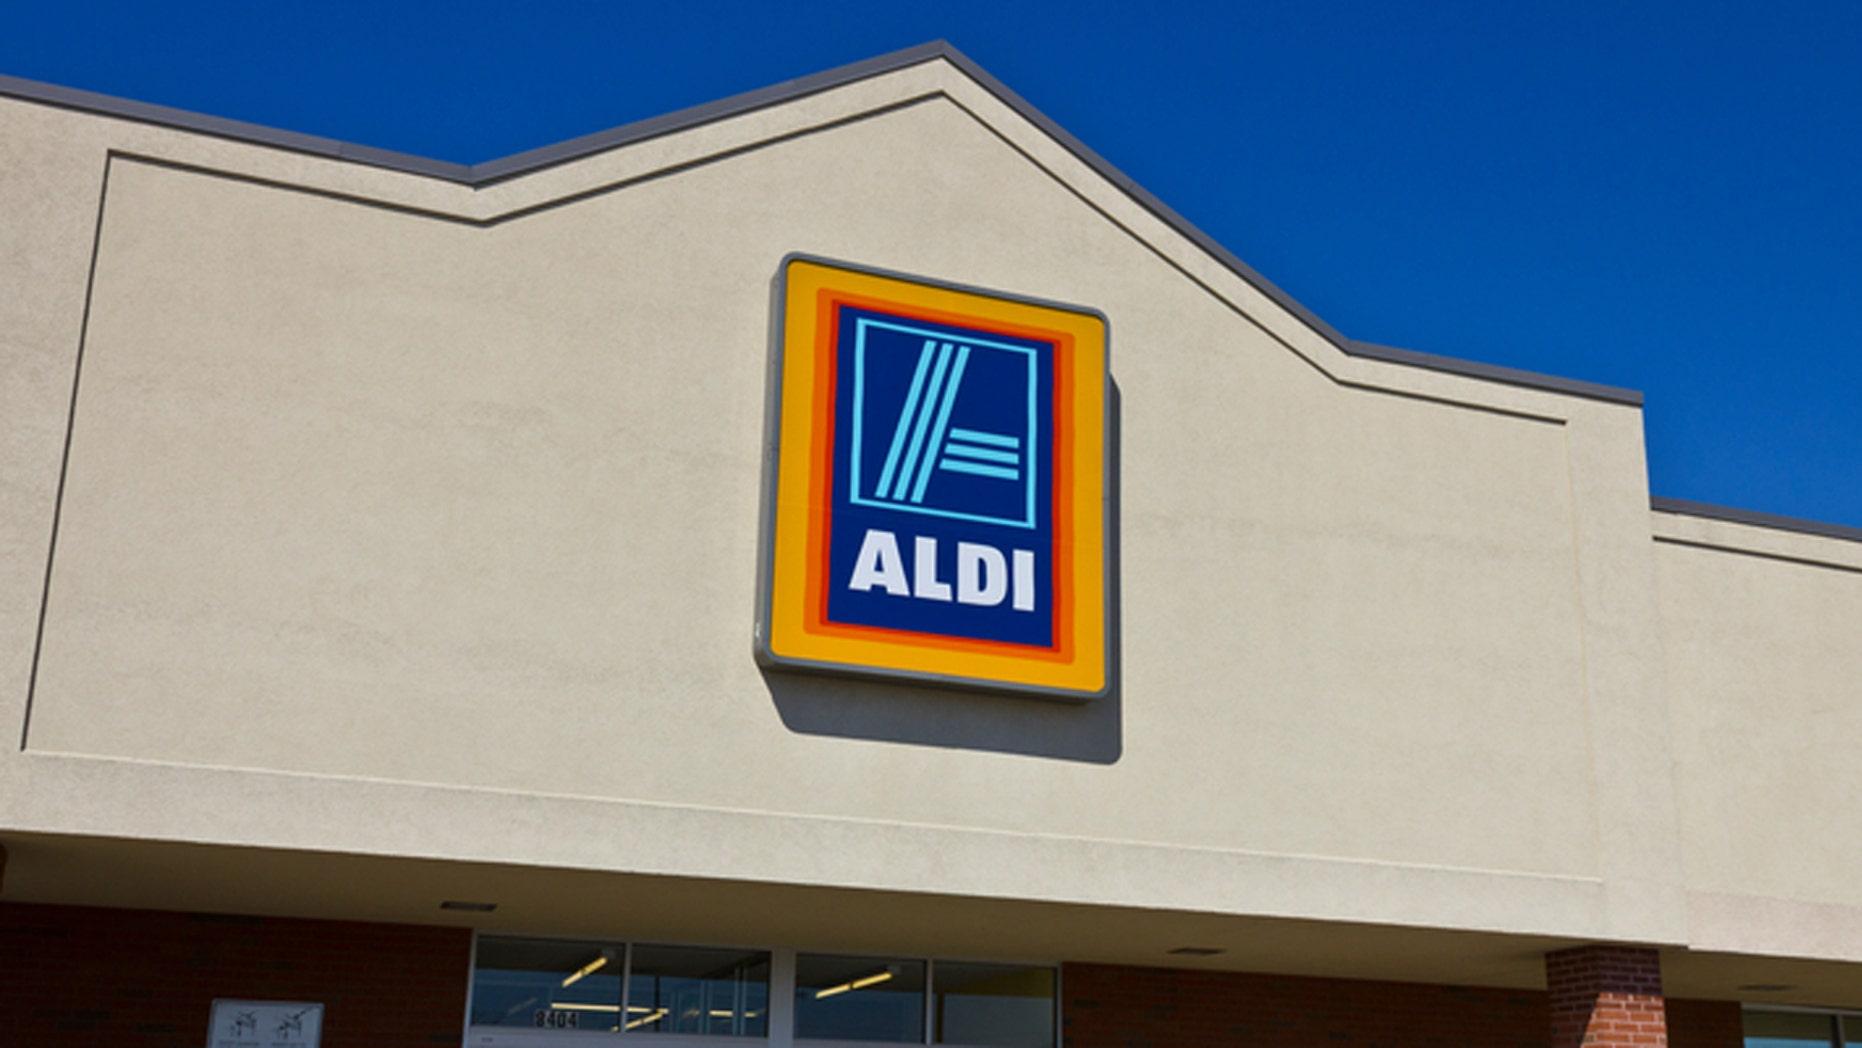 Indianapolis, U.S. - April 16, 2016: Aldi Discount Supermarket. Aldi is Simply Smarter Shopping I
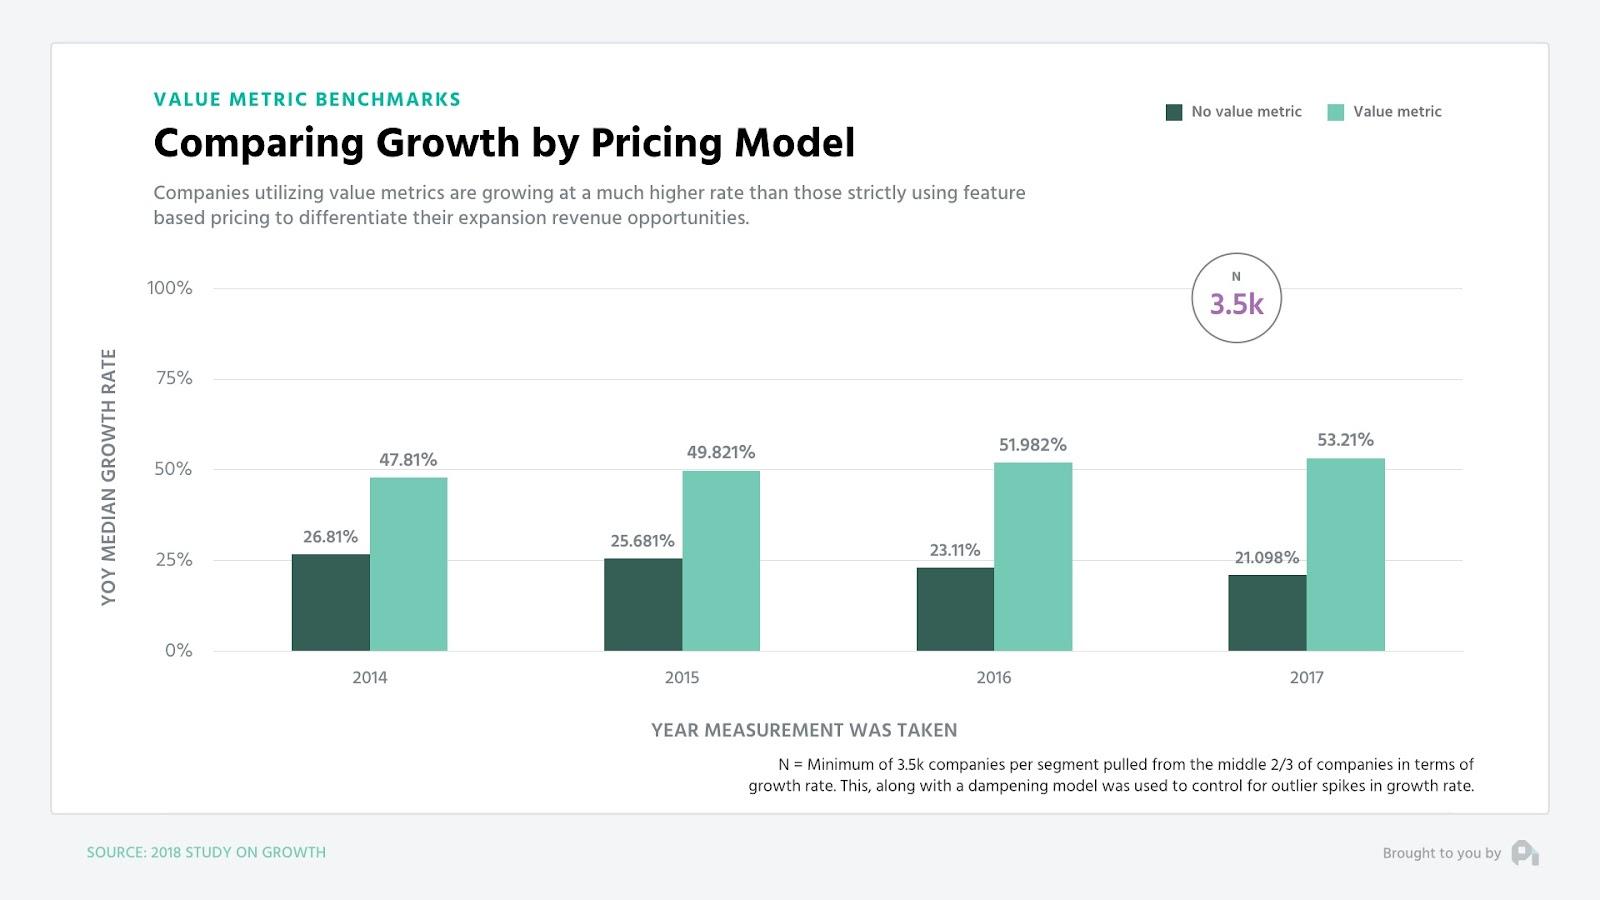 Value metrics
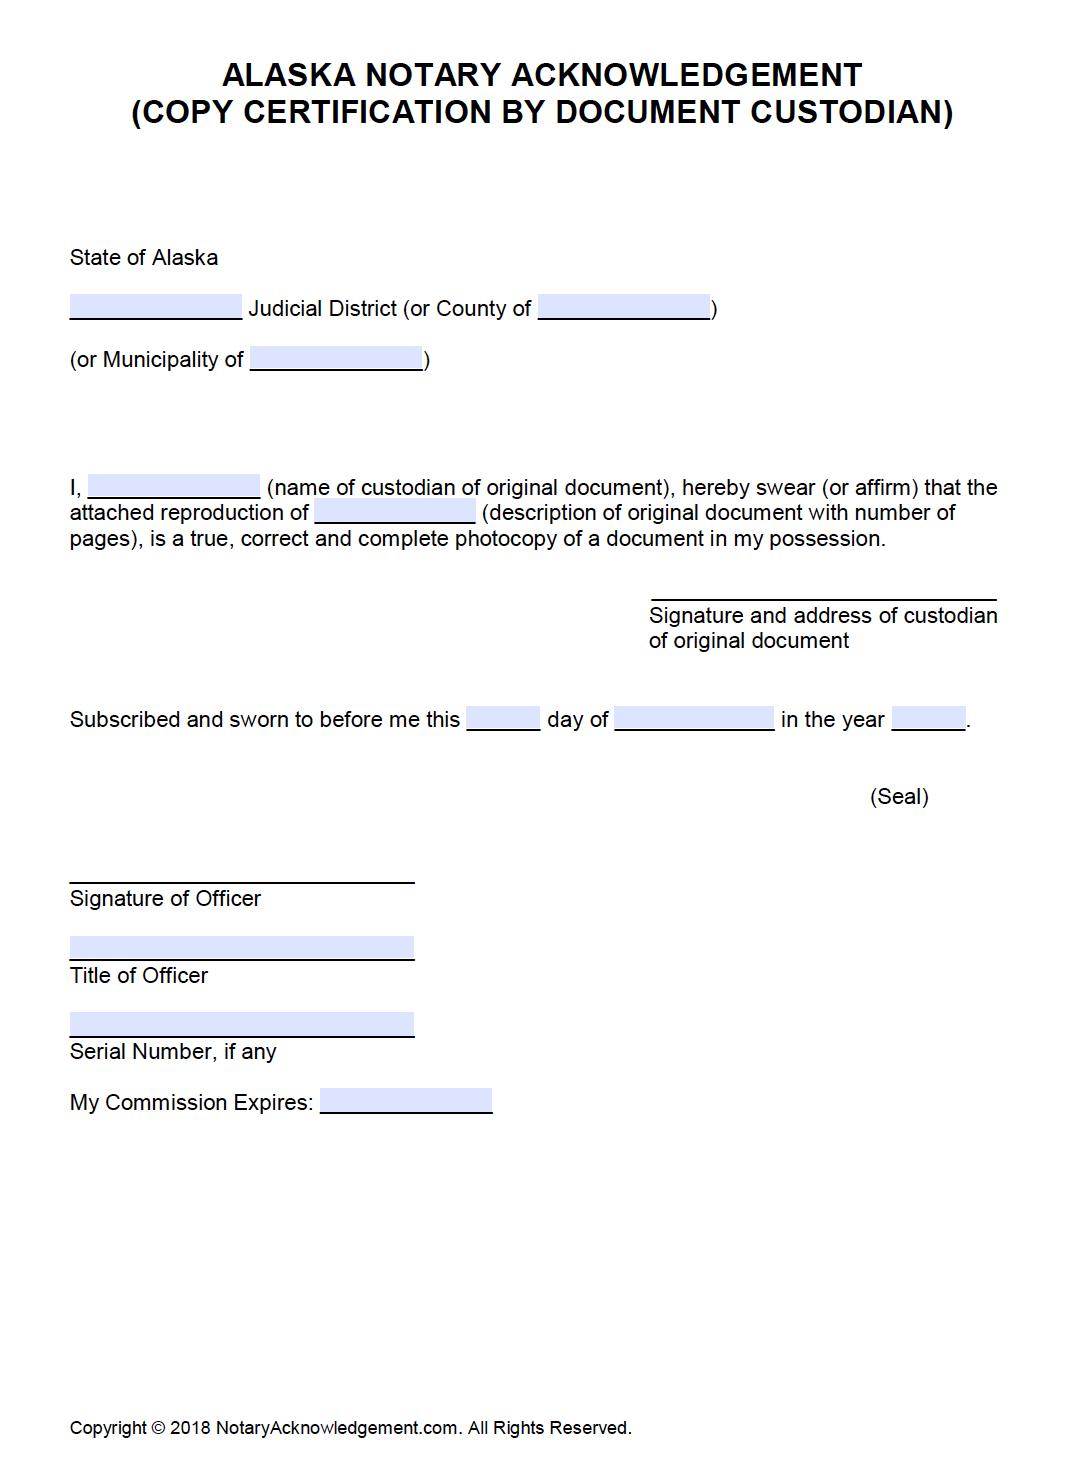 document copy certification custodian alaska certificate notarial pdf notary acknowledgement word ak downloads
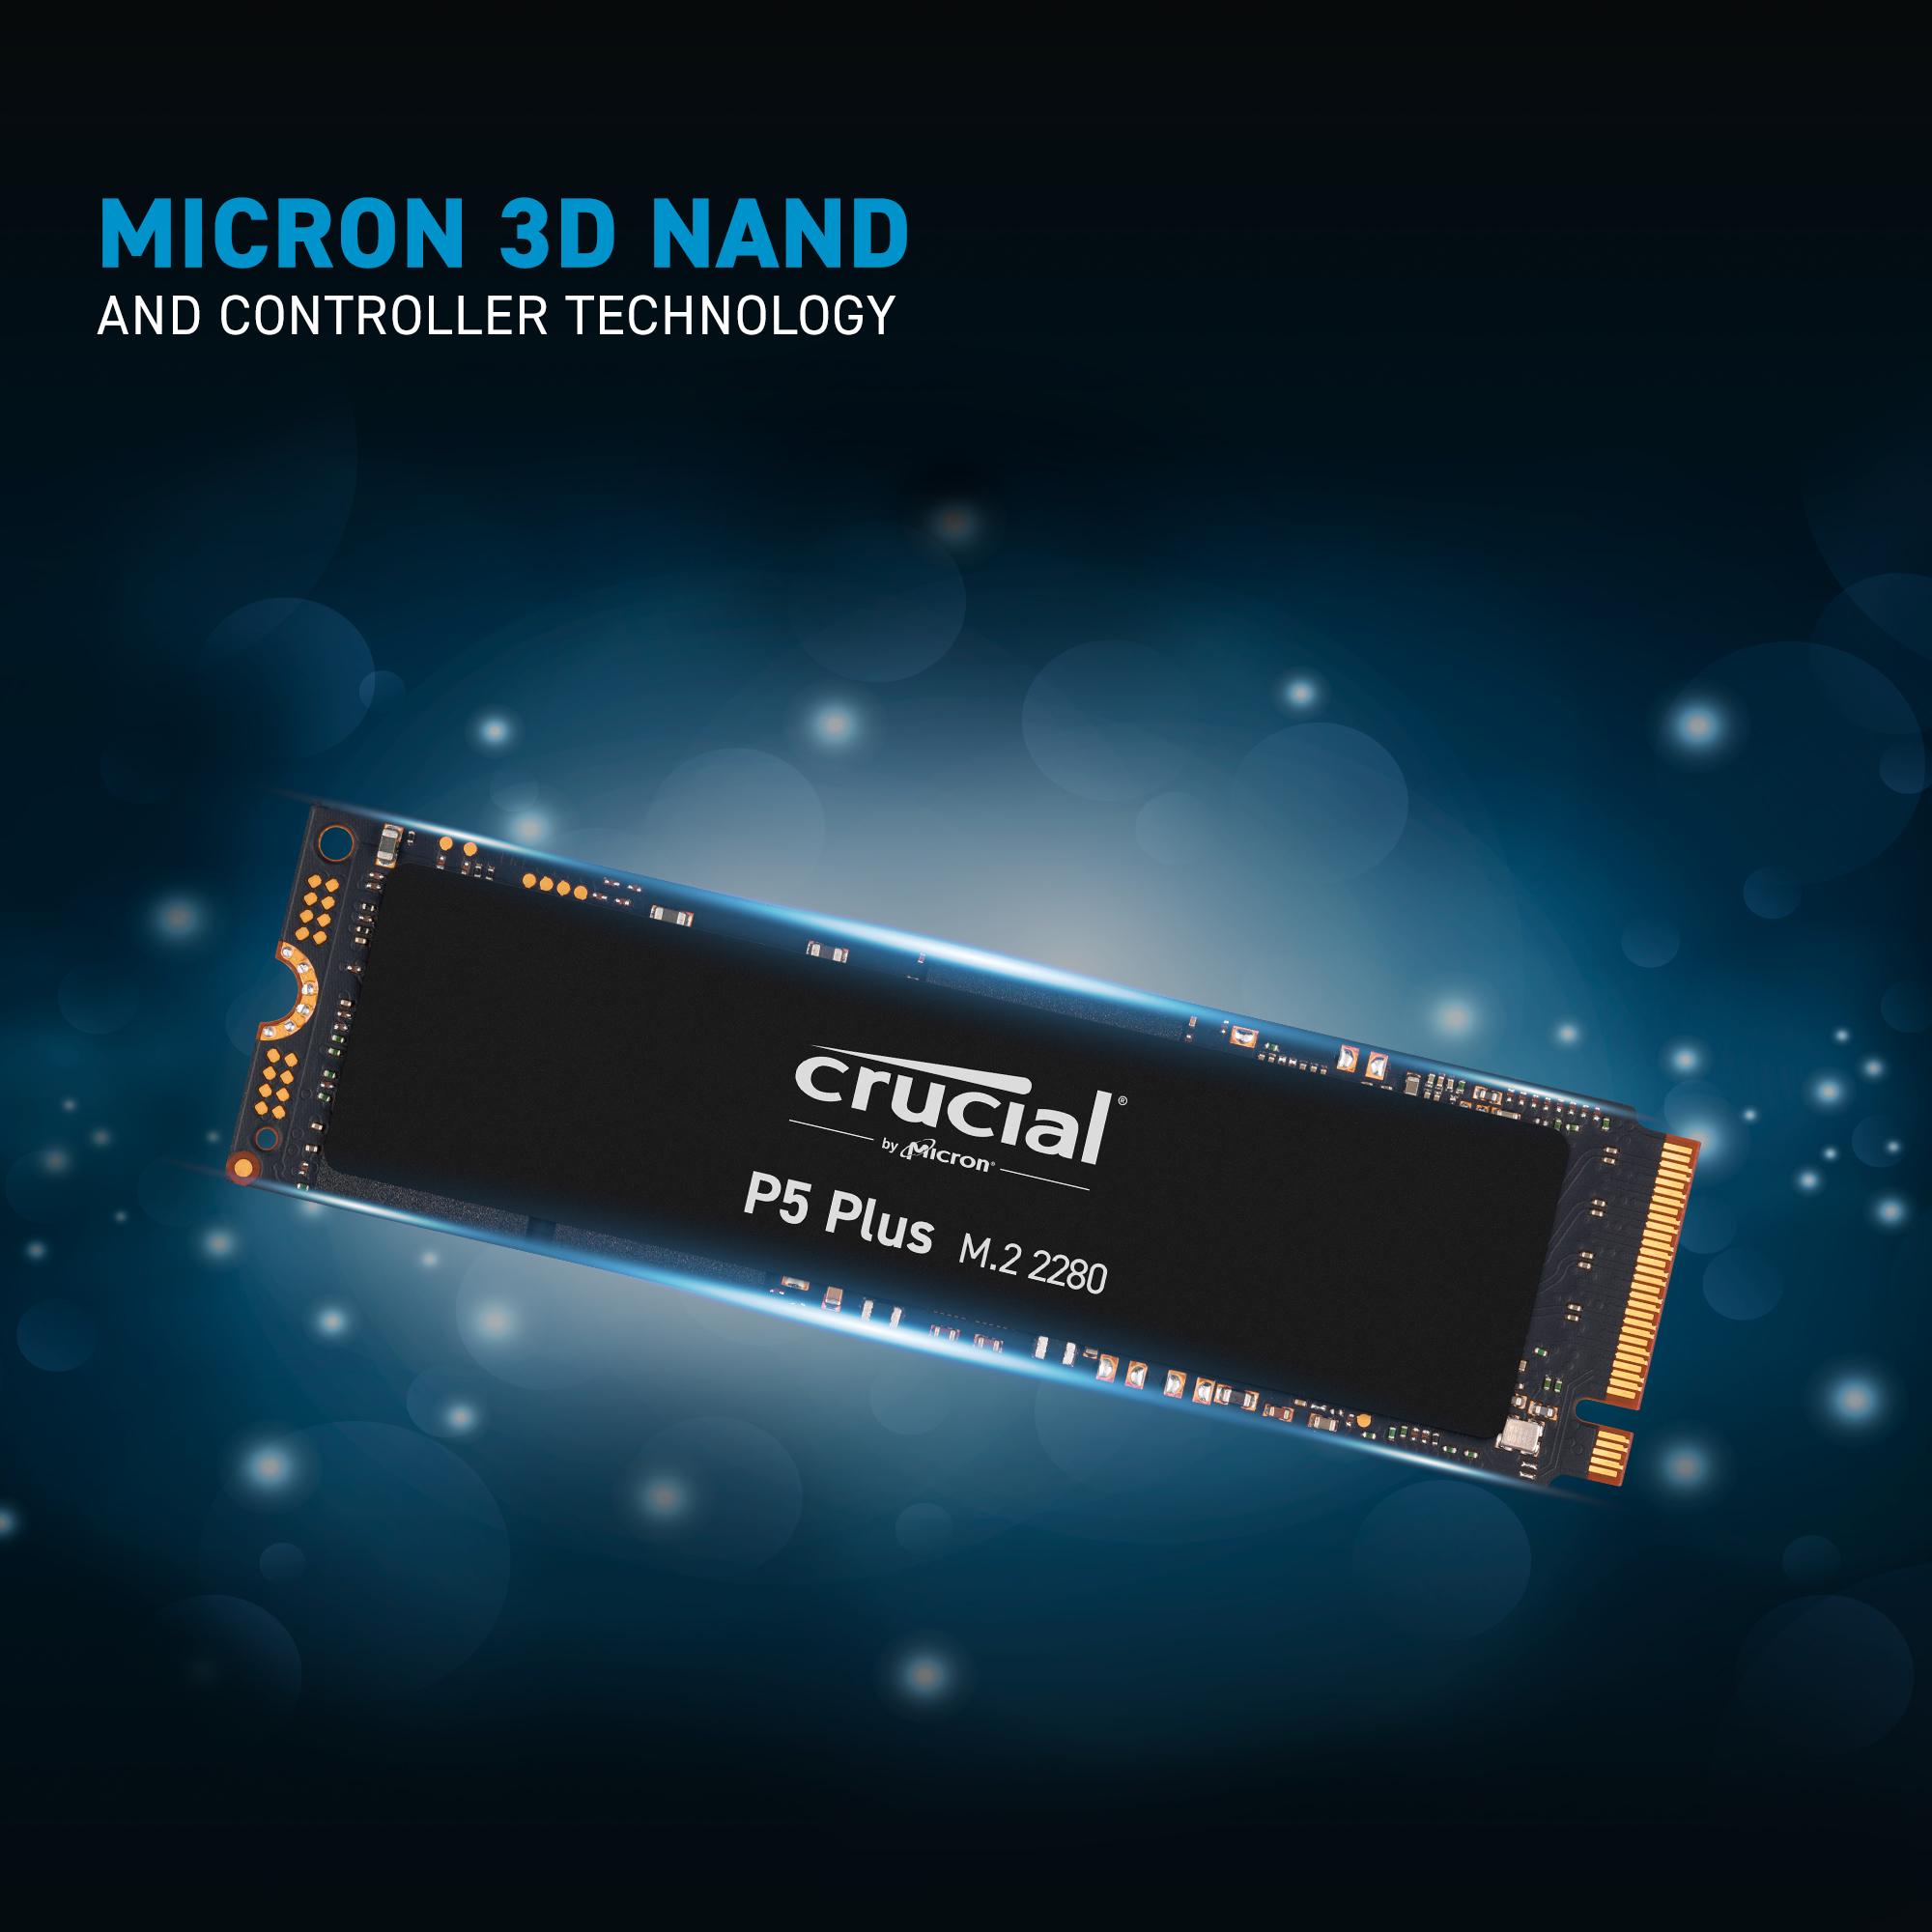 Crucial P5 Plus 1TB PCIe M.2 2280SS SSD- view 7

━━━━━━━━━━━━━━━━━━━━

> **Your goal**: Once the pictures are removed, output the remaining material exactly.

> **Answer space**:
 Indianapolis, U.S. - April 16, 2016: Aldi Discount Supermarket. Aldi is Simply Smarter Shopping I
 Value metrics
 document copy certification custodian alaska certificate notarial pdf notary acknowledgement word ak downloads
 Crucial P5 Plus 1TB PCIe M.2 2280SS SSD- view 7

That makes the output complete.